Unsurprising. It was prematurely generalized, in that handling text encodings is a fundamentally different task from compression or working with, say, Base64. Fundamentally, Base64 converts between bytes (some file that needs to be encoded in a text medium) and text (ASCII-compatible, but still fundamentally viewed as text). But text encoding is fundamentally a process where text is the “decoded” form and bytes are the “encoded” form, whereas base64 is the opposite. And of course that layered on top of the confusion caused by all the implicit conversion (thus UnicodeDecodeError from encoding attempts and vice-versa). Honestly I was always puzzled by 2.x holdouts who used the new text handling as a reason not to switch…

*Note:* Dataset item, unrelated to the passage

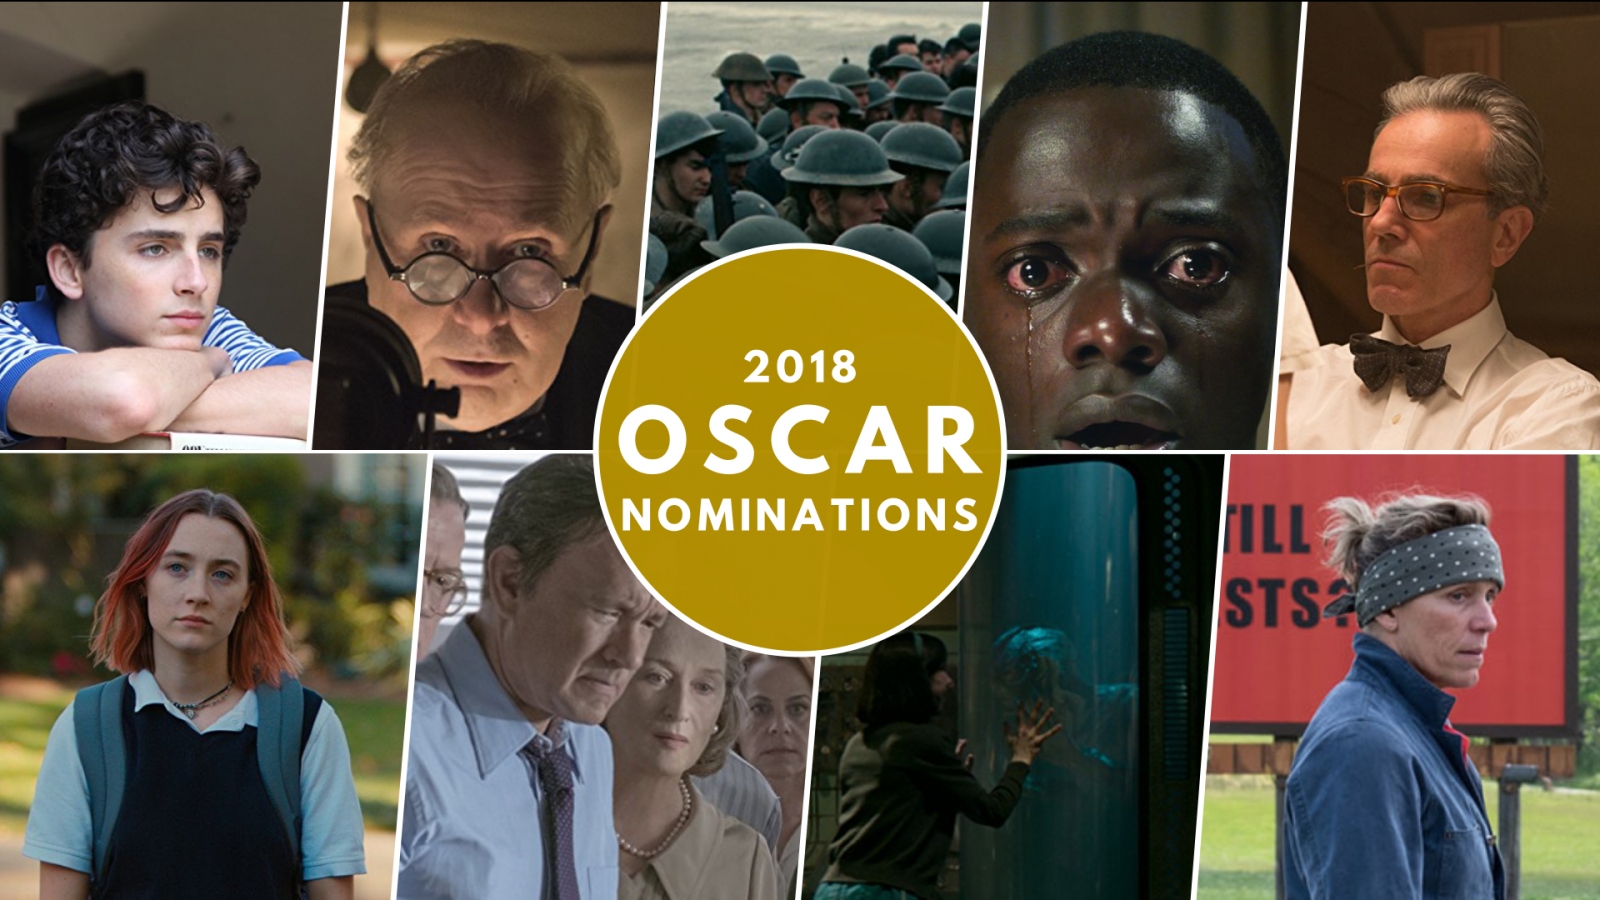 Oscar nominations 2018 full list: Shape Of Water leads race with 13 nods

From what I can tell, typical modern uses of str.translate don’t look anything like what would make sense for what is still seen as a text encoding facility. But more importantly, what you say is “easy” is something I wouldn’t know how to do offhand, and I thought I had learned quite a bit in this corner. For that matter, codecs.charmap_encode doesn’t have a docstring and isn’t documented either, never mind charmap_build.
Not really: The implementation of str.translate() uses the same mapping logic as the charmap codec. However, it is geared towards same type conversions (also see below).
When I designed the codec subsystem, I did not want to create something that is limited to just text encodings. Codecs can be lots of things, with the general theme that you convert data into some other format and back again. Accordingly, I focused on a general purpose codec API specification which would allow implementing codecs for e.g. text conversion, compression, encryption, etc.
The main use in Python was handling text encodings to support the Unicode integration, but we also have codecs for e.g. hex representations, base64 representation, punycode, zlib compression, etc. Those are not compatible with the str and bytes methods in Python 3, but they use the same codec API and are available via codec.encode() and codecs.decode().
Please scratch this part. The exposed charmap encode/decode functions do not allow for bytes → bytes or str → str conversions, so they would not be able to replace str.translate() directly.
That said, it is still very easy to create custom codecs based on the charmap codec, if you need to convert from bytes to str or vice-versa.